*To do*. Would you copy exactly the lines in the data below from the one that has "Innovative Businesslösung und" through the one that has "New Look Lilac pastel coat", dropping any pictures?

(Information shown begins)

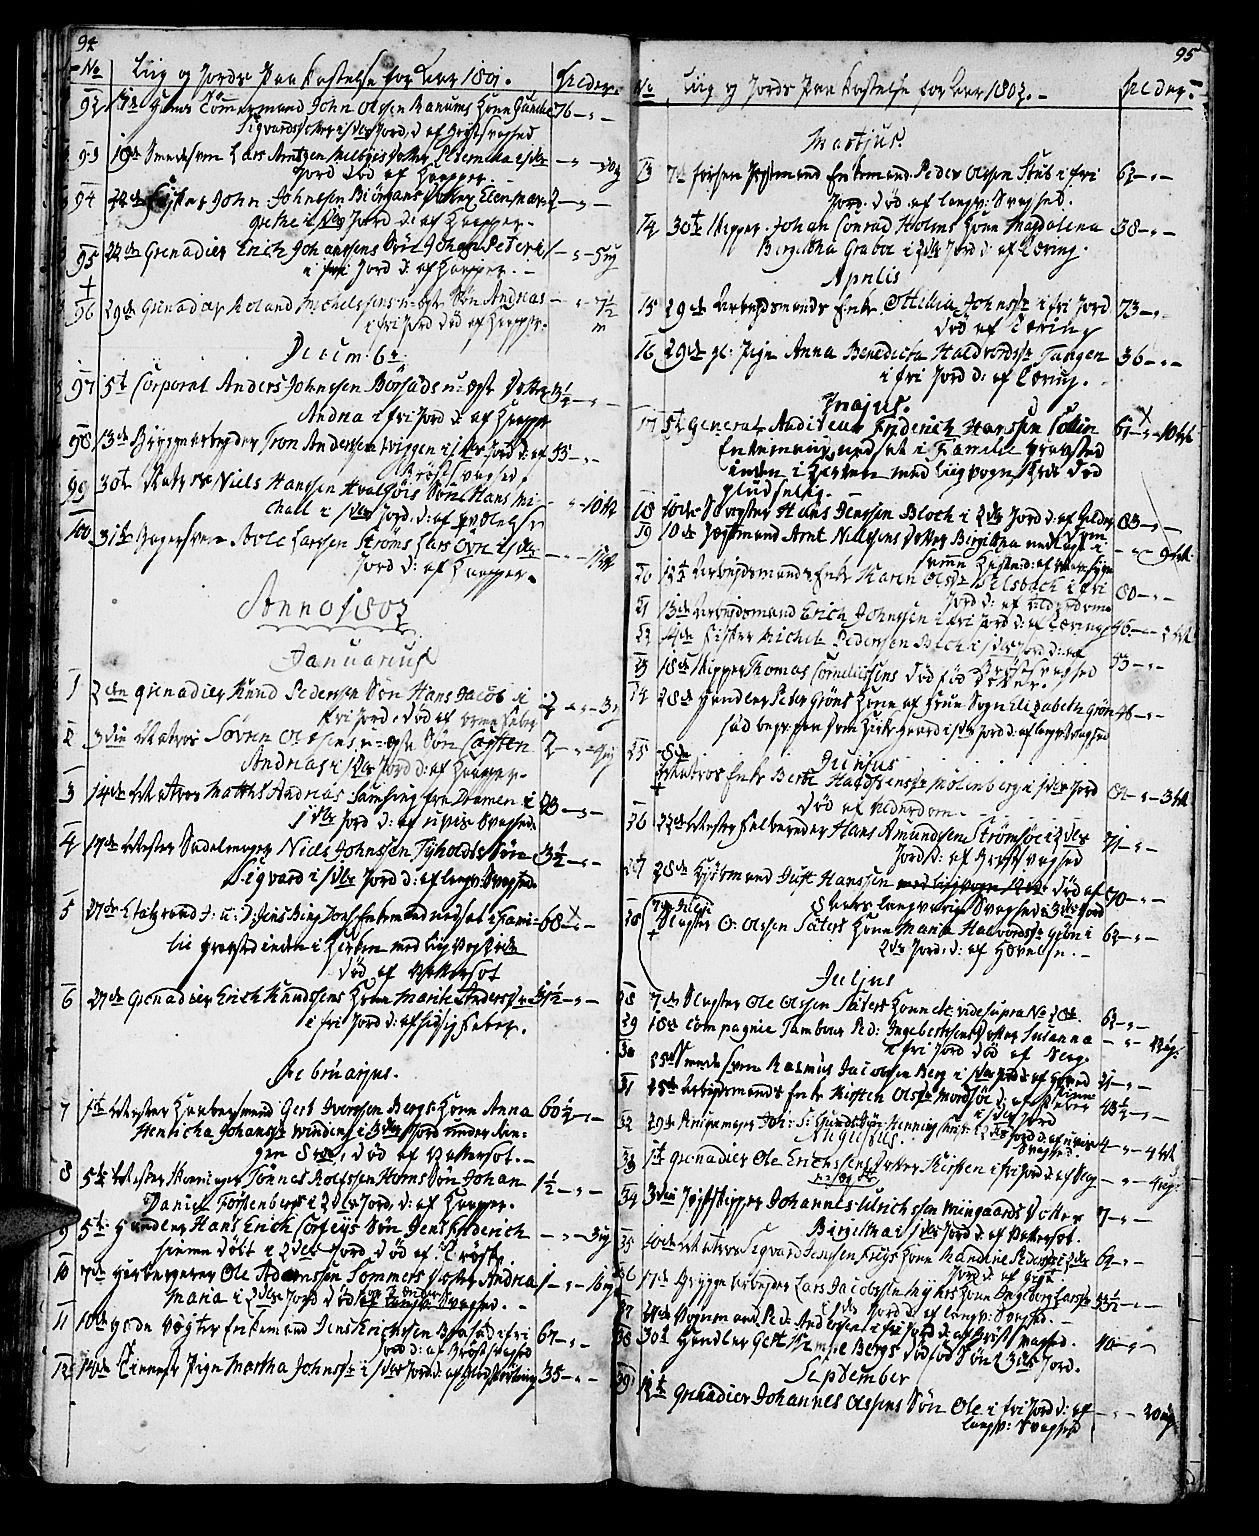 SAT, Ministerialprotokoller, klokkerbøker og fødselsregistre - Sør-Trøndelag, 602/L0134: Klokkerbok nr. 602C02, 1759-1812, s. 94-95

(Information shown ends)
(Information shown begins)

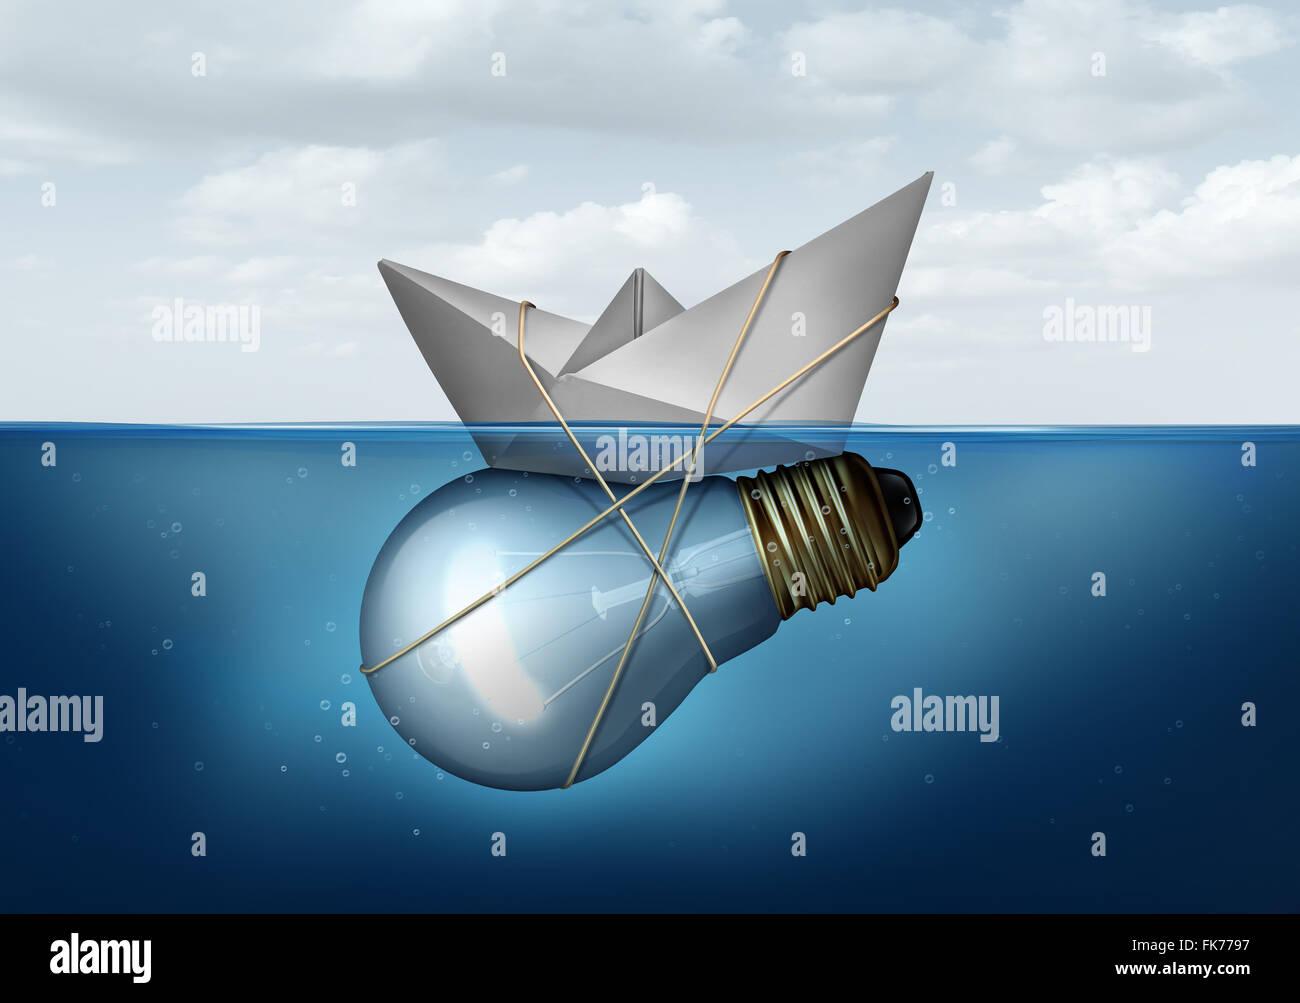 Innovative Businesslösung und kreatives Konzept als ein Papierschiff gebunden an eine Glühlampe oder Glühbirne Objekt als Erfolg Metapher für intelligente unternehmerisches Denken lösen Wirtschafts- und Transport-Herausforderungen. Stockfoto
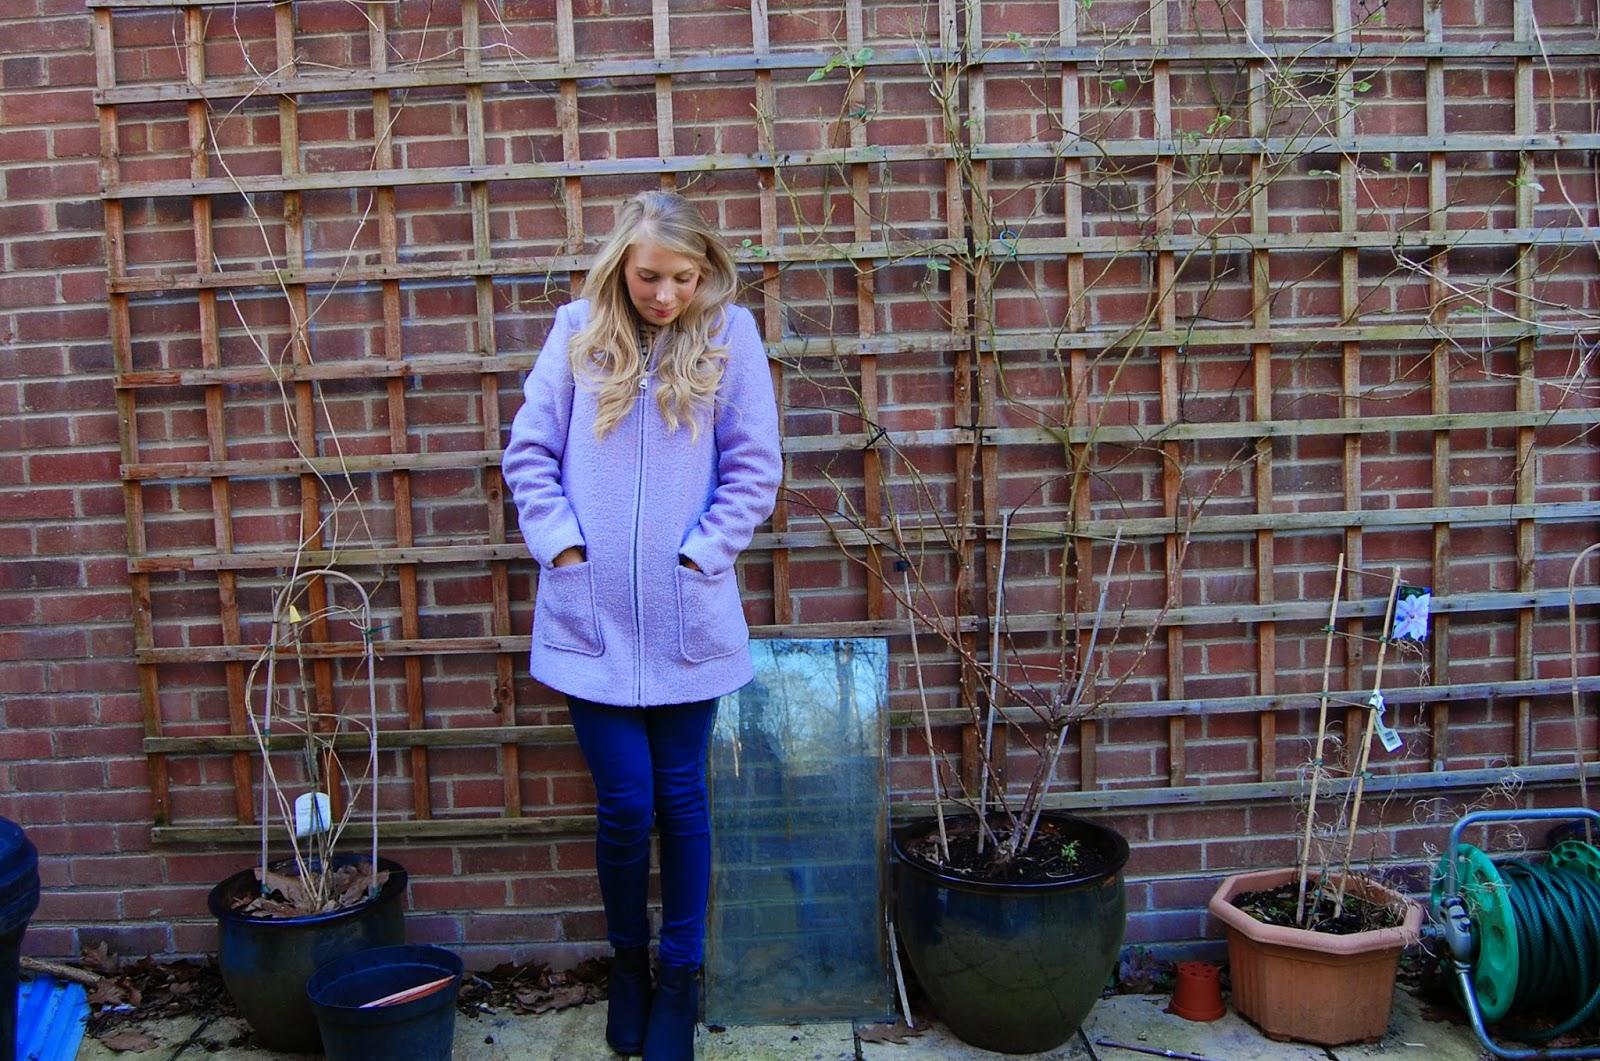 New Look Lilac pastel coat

(Information shown ends)
(Information shown begins)

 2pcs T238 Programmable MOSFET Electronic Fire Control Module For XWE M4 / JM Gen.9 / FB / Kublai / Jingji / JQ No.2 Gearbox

(Information shown ends)

*Answer space*.
 Innovative Businesslösung und kreatives Konzept als ein Papierschiff gebunden an eine Glühlampe oder Glühbirne Objekt als Erfolg Metapher für intelligente unternehmerisches Denken lösen Wirtschafts- und Transport-Herausforderungen. Stockfoto
 New Look Lilac pastel coat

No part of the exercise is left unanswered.